Scent can elicit memories.  Sights.  A child in a red winter coat.  The smell of pie in the oven.

But there is some point where the brain seems to shift gears.  Things take on importance and meaning.  My own children are always telling me stories of things I did.  Usually ways in which I was not the perfect mother.  But, wait, that's not how I recall at all.  No, I did not say that.  Did I?  Did the kids remember what they knew and expected me to say, thus creating a memory based on  memory, facts and wishful thinking.

And then there are the cultural, world changing facts that we hold on to forever.  

I remember clearly the day John F Kennedy was killed. I was nine years old. I saw Jack Ruby shoot Lee Harvey Oswald- on live TV.    My dad and I were both home sick and saw it all.  I am sure the significance was much different to each of my parents and each of my siblings.  It was a shared experience.  It was terrible.   We all cried.  We went downtown to watch the funeral cortege go by.  It was cold that November day.  It will be with me for as long as I have any memory at all.
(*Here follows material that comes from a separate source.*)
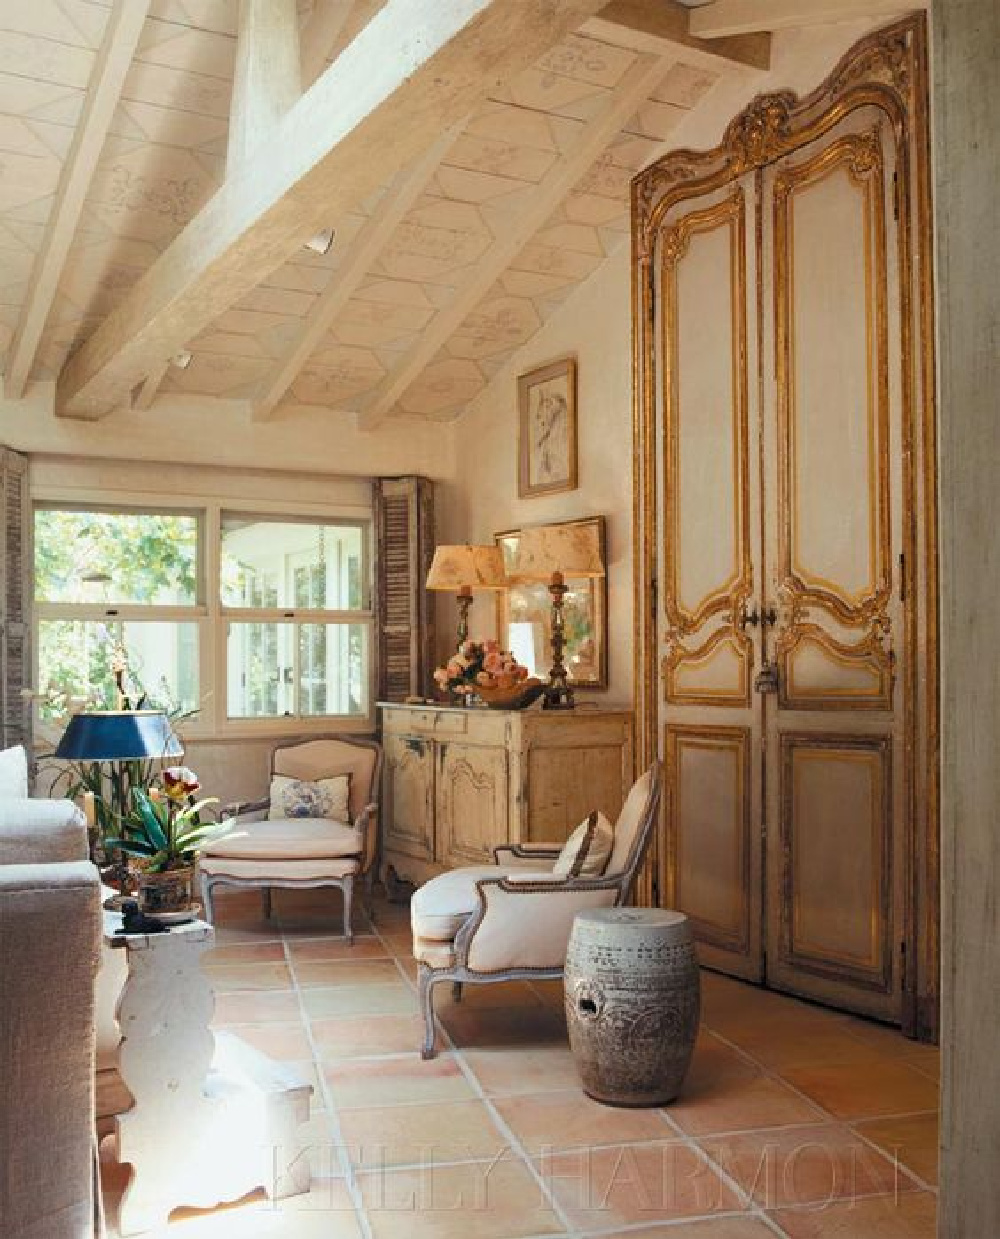 If breathtaking European farmhouse decorated rooms float your boat, come on over and soak up the inspiration from these European inspired elegant and sophisticated farmhouse style spaces. #FrenchCountry #elegantdecor #antiques

I remember dates.  The dates of my children's birthdays.  My mother, father and brother, even though they are dead.   I know those dates.  I know my husband's birthrate.    We celebrate, we commemorate the day.  We have family rituals.  We are very predictable that way though if we do something different every now and then, it's alright.

Each time I learned I was pregnant, I was thrilled.  I remember that.  And the two pregnancies I lost too.  The first time holding, smelling, nursing.  I could not tell you the time of day, but it's all inside me.
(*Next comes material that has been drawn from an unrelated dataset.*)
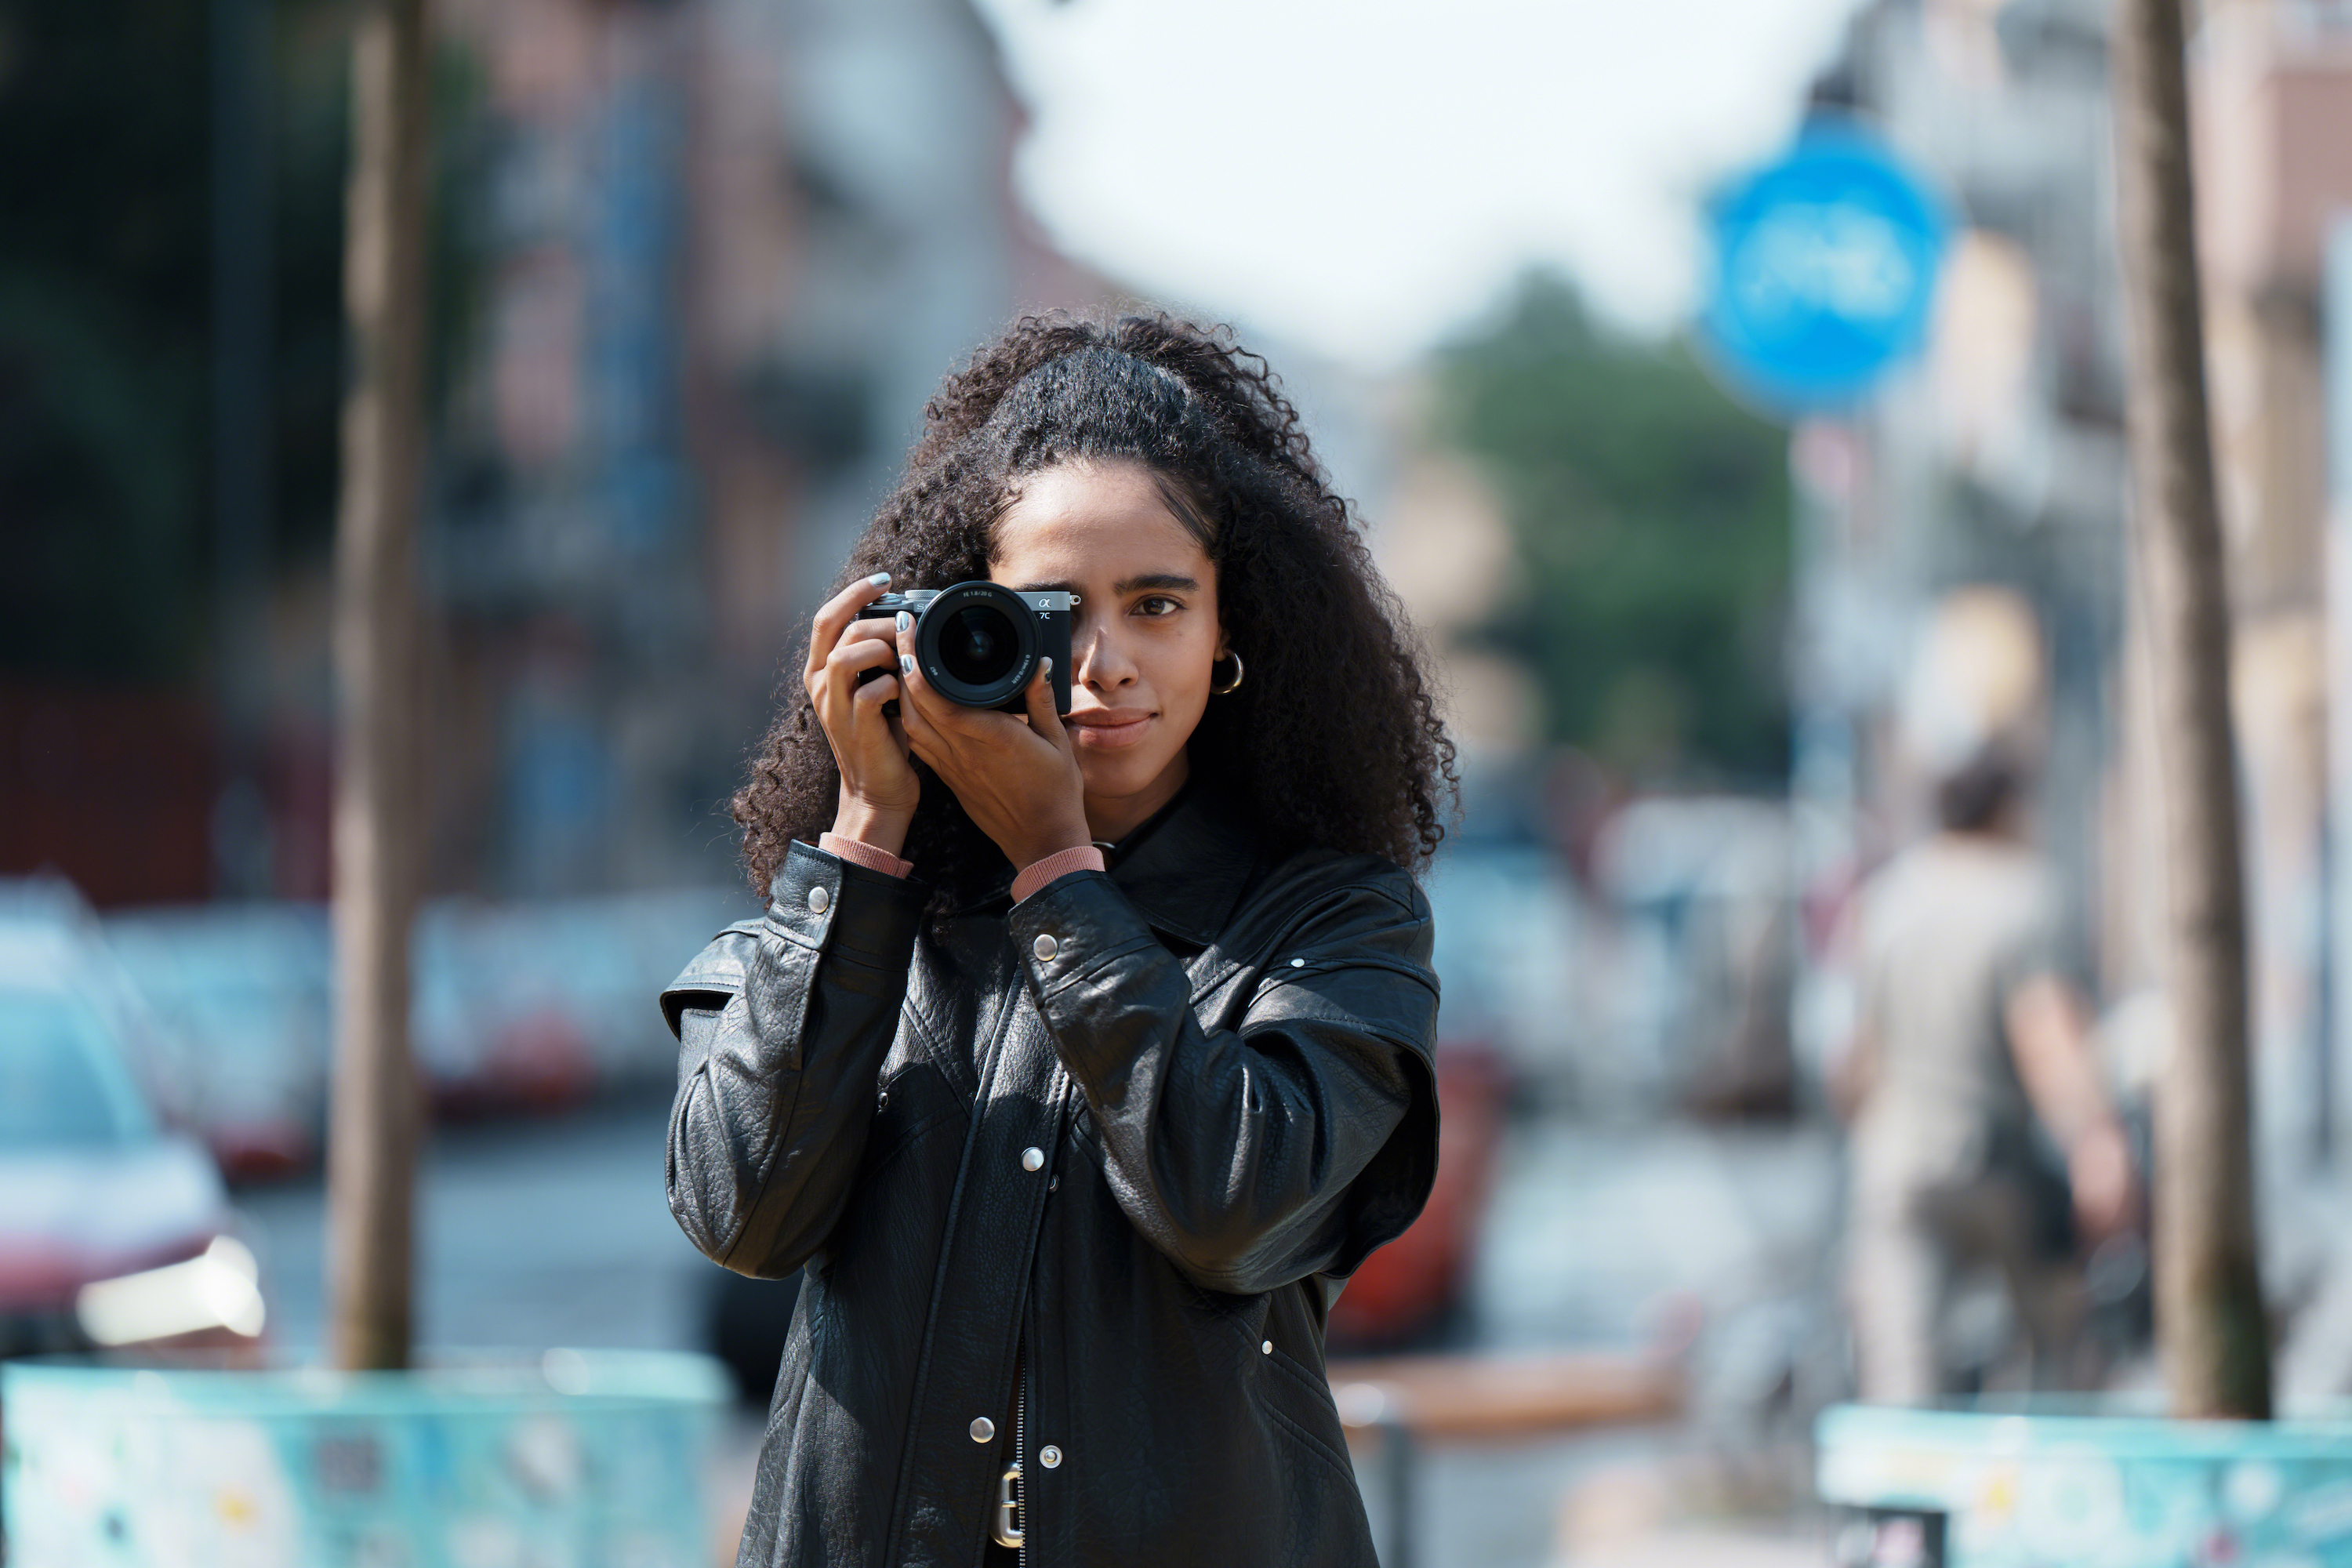 Frontal shot of a girl in a black leather jacket holding up a Sony Alpha 7C to capture a photo

Recently I read that with each pregnancy, fetal cells from the unborn baby travel into their mother's brain. 
So, there are "memories" and a sense of being that child's mother without even knowing it.

Today is September 11, 2015.  It is the 14th  anniversary of the attack on the World Trade Buildings in New York City, the Pentagon , and the thwarted attack on Washington by a fourth plane.    

We sat glued to the TV that day in 2001, not knowing what to do next.  Shops closed down.  Everyone wanted to be home.  With their families and friends.   To feel some comfort in a very uncomfortable frightening situation.  

Today is the anniversary of that attack, now known as 9-11.  On  MSNBS TV, this morning they were streaming the footage of that day on real time.  So, when the footage from  14 years ago said the time was 11:25, it actually was that time, here on the east coast.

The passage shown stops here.